# Serra da Estrela dia 03/01/2007



## ajrebelo (9 Jan 2007 às 01:08)

boas

aqui vai umas fotos da do parque natural da serra da estrela no dia 3 deste ano    

entrada no parque por linhares da beira 





vista do castelo





































bem temos tb estas imagens gravadas em mini dv estamos a fazer um dvd com estas  e outras tiradas em 2006 de por do sol trovoadas etc 

gostava de as poder mostrar a todos no encontro a realizar vamos ver se é possivel ter um projetor

abraços meteo


----------



## kimcarvalho (9 Jan 2007 às 13:34)

Belas imagens e não me refiro só à paisagem, mas também à sua qualidade e selecção!  
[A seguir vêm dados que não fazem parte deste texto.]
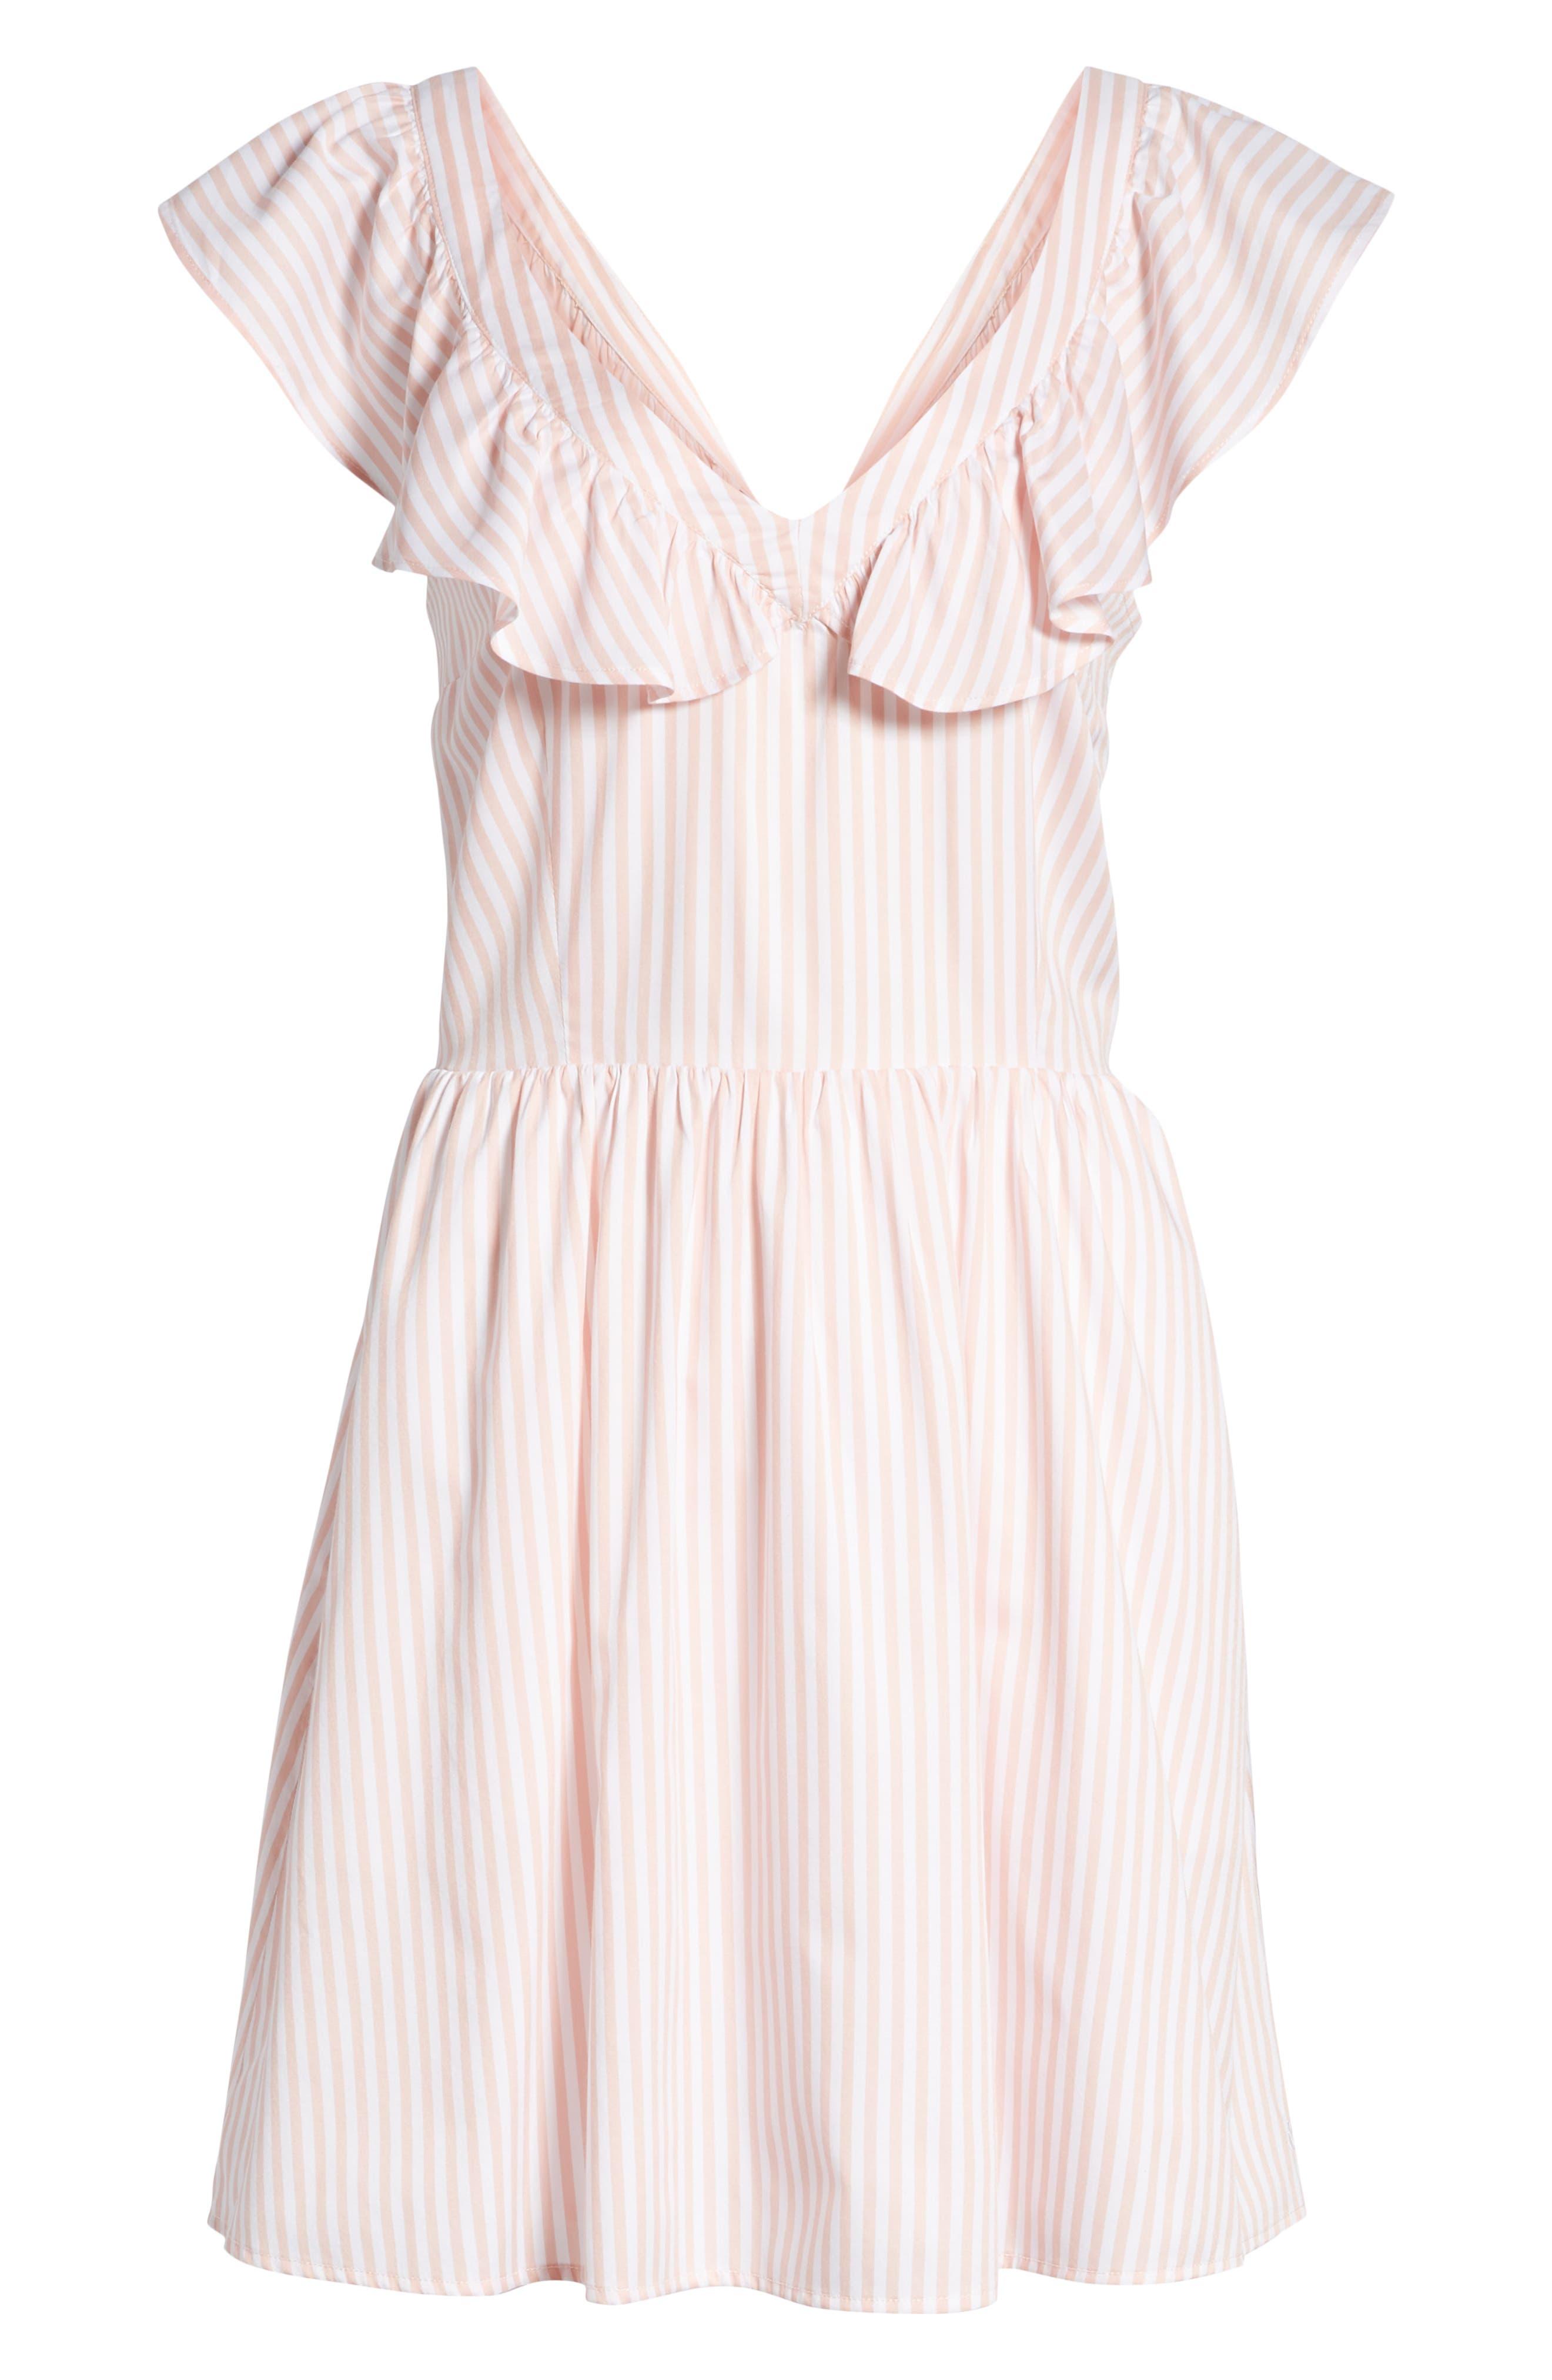 Ruffle Dress,                             Alternate thumbnail 7, color,                             660

A primeira então, com esse Castelo, supostamente de Linhares da Beira, segundo tu mesmo referes, está um must!


----------



## Seringador (9 Jan 2007 às 14:25)

Boas Fotos
Gosto pessoalmente da última, faz-me lembrar o pronúncio de  Verão.


----------



## mocha (9 Jan 2007 às 14:55)

mais fotos pra ir viajando sem sair de casa 
gosto particularmente da primeira, faz me lembrar o castelo de Cardiff


----------



## Mago (9 Jan 2007 às 18:16)

Conheço bem linhares ainda no ultimo Verão fui lá a uma Feira Medieval, evento típico nesta região em zonas históricas e não é à toa que é a capital do Parapente pelas suas serras, as paisagens são dignas de registo.
Parabéns pelas Fotografias!


----------



## Rog (9 Jan 2007 às 23:51)

Boas fotos


----------